- _WHAT TO WORK ON_
Reproduce every line of the data, exactly and without its pictures.

_____

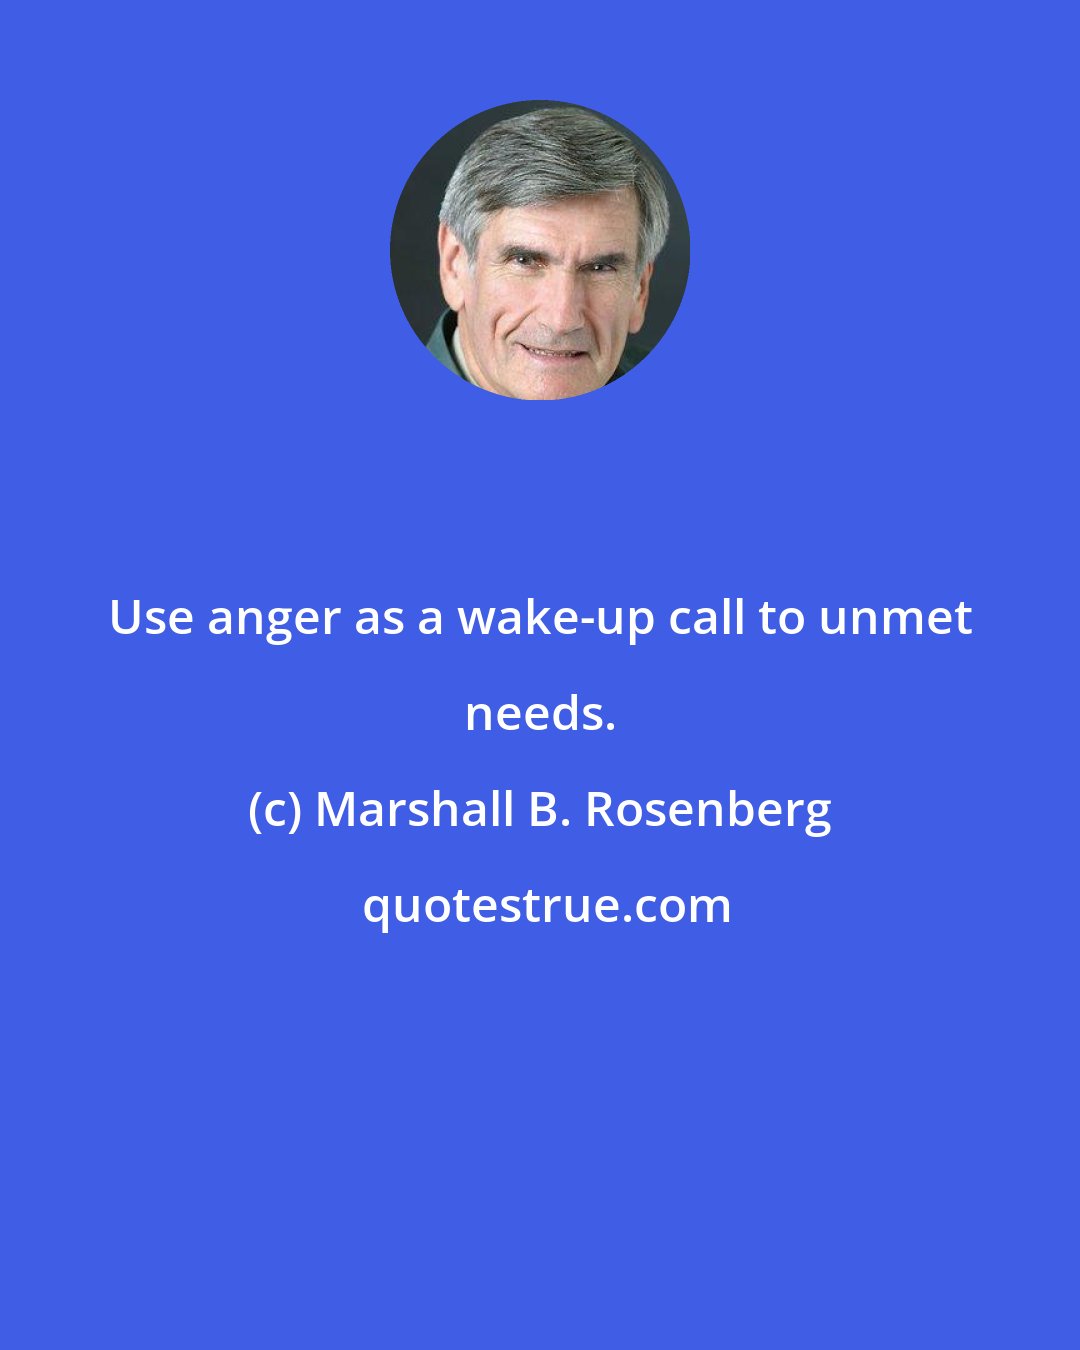 Marshall B. Rosenberg: Use anger as a wake-up call to unmet needs.
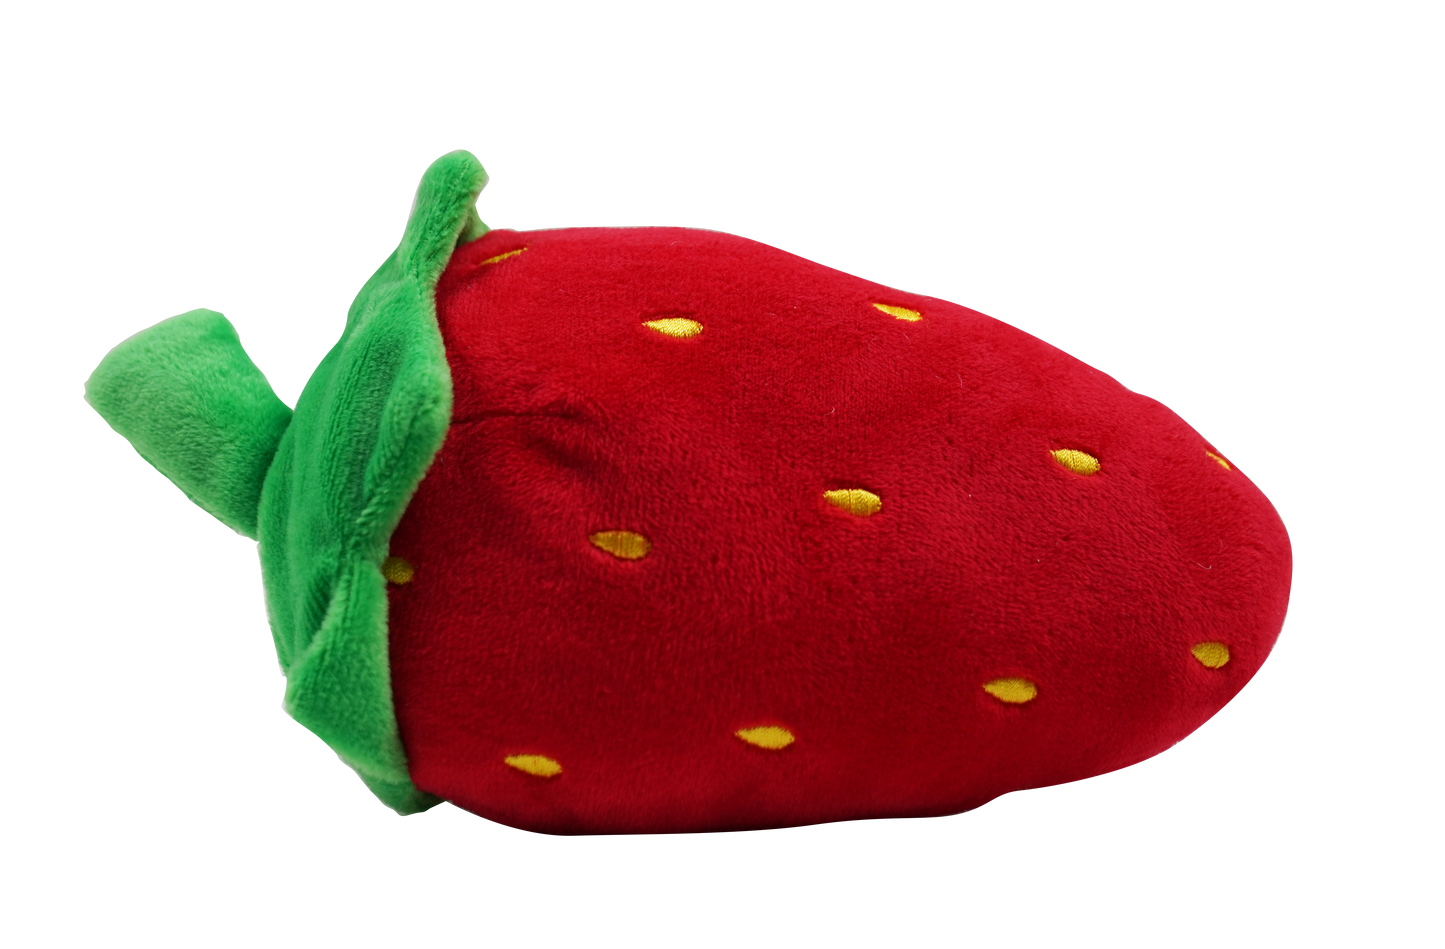 Strawberry Toy
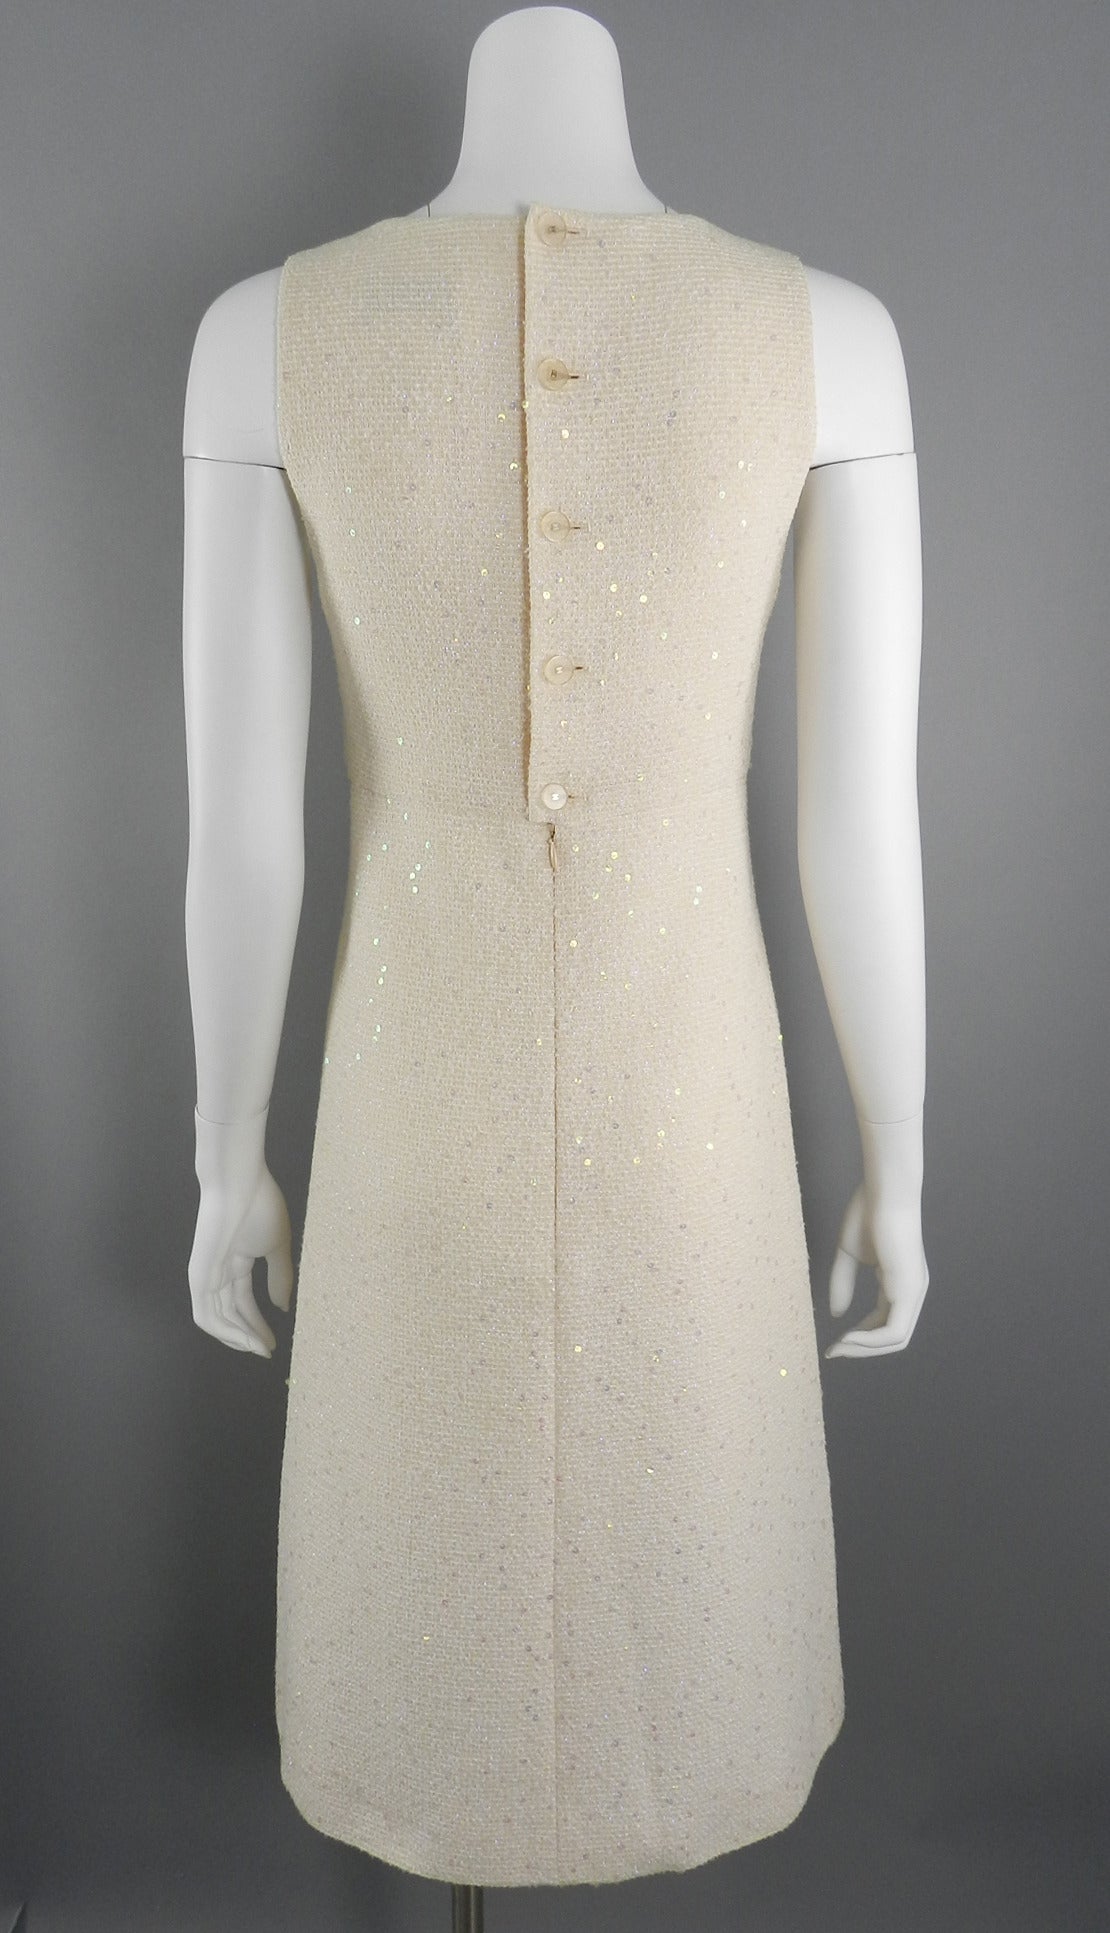 Women's Chanel Ivory Sequin Dress size 38
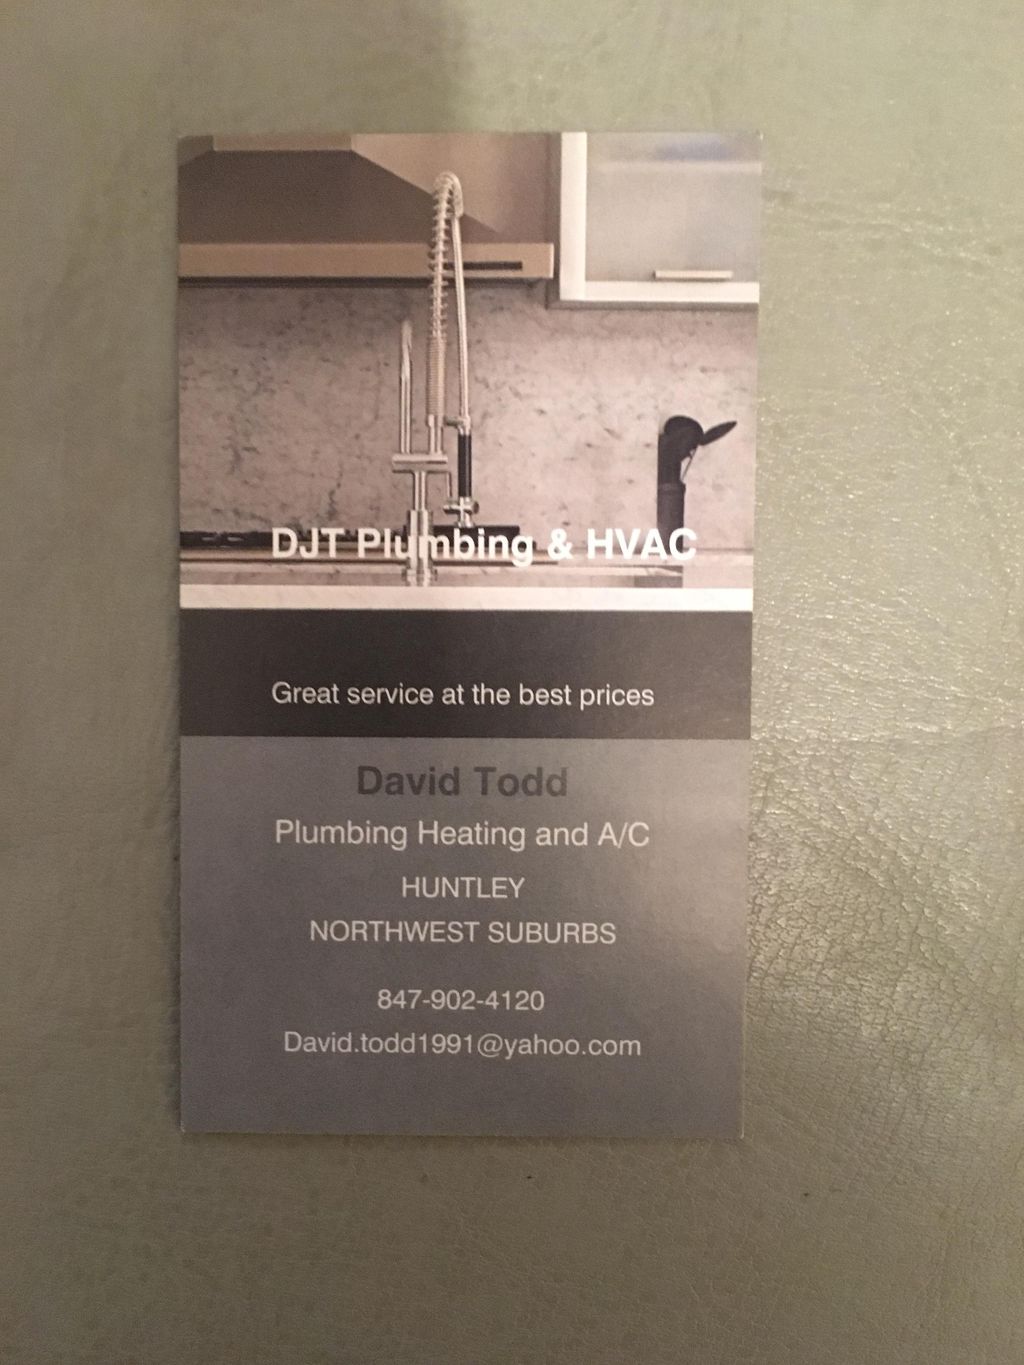 DJT  plumbing and HVAC
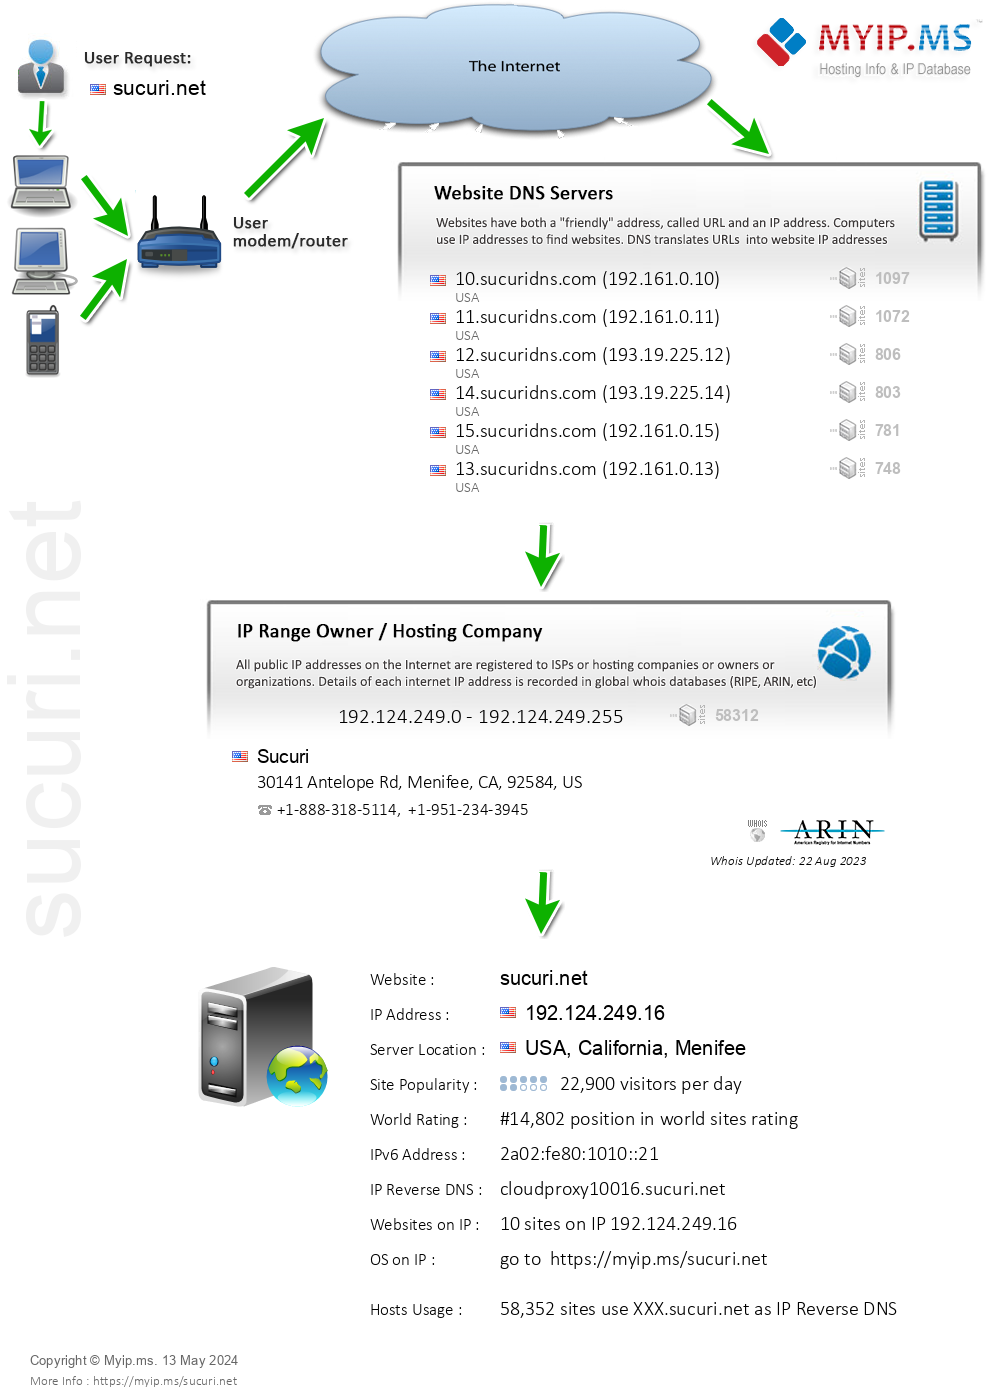 Sucuri.net - Website Hosting Visual IP Diagram
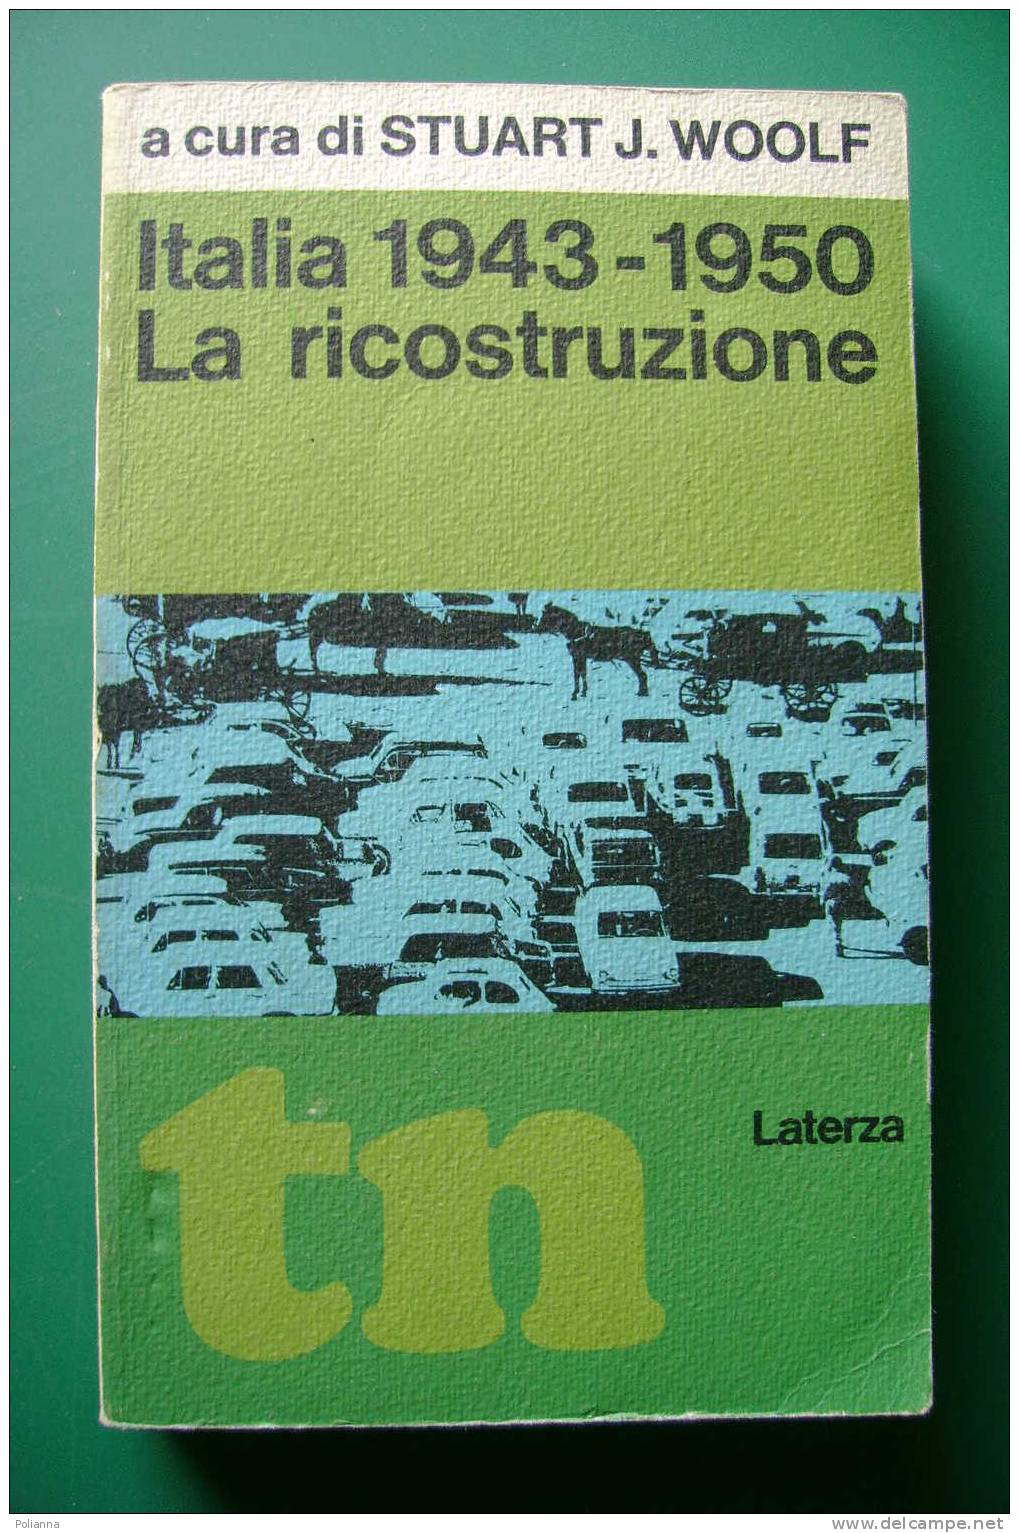 PDM/18 Woolf ITALIA 1943-1950 LA RICOSTRUZIONE Laterza 1972 - History, Biography, Philosophy

_____

- _SOLUTION FOR THIS TASK_
 Marshall B. Rosenberg: Use anger as a wake-up call to unmet needs.
 Strawberry Toy
 Women's Chanel Ivory Sequin Dress size 38
 DJT  plumbing and HVAC
 Sucuri.net - Website Hosting Visual IP Diagram
 PDM/18 Woolf ITALIA 1943-1950 LA RICOSTRUZIONE Laterza 1972 - History, Biography, Philosophy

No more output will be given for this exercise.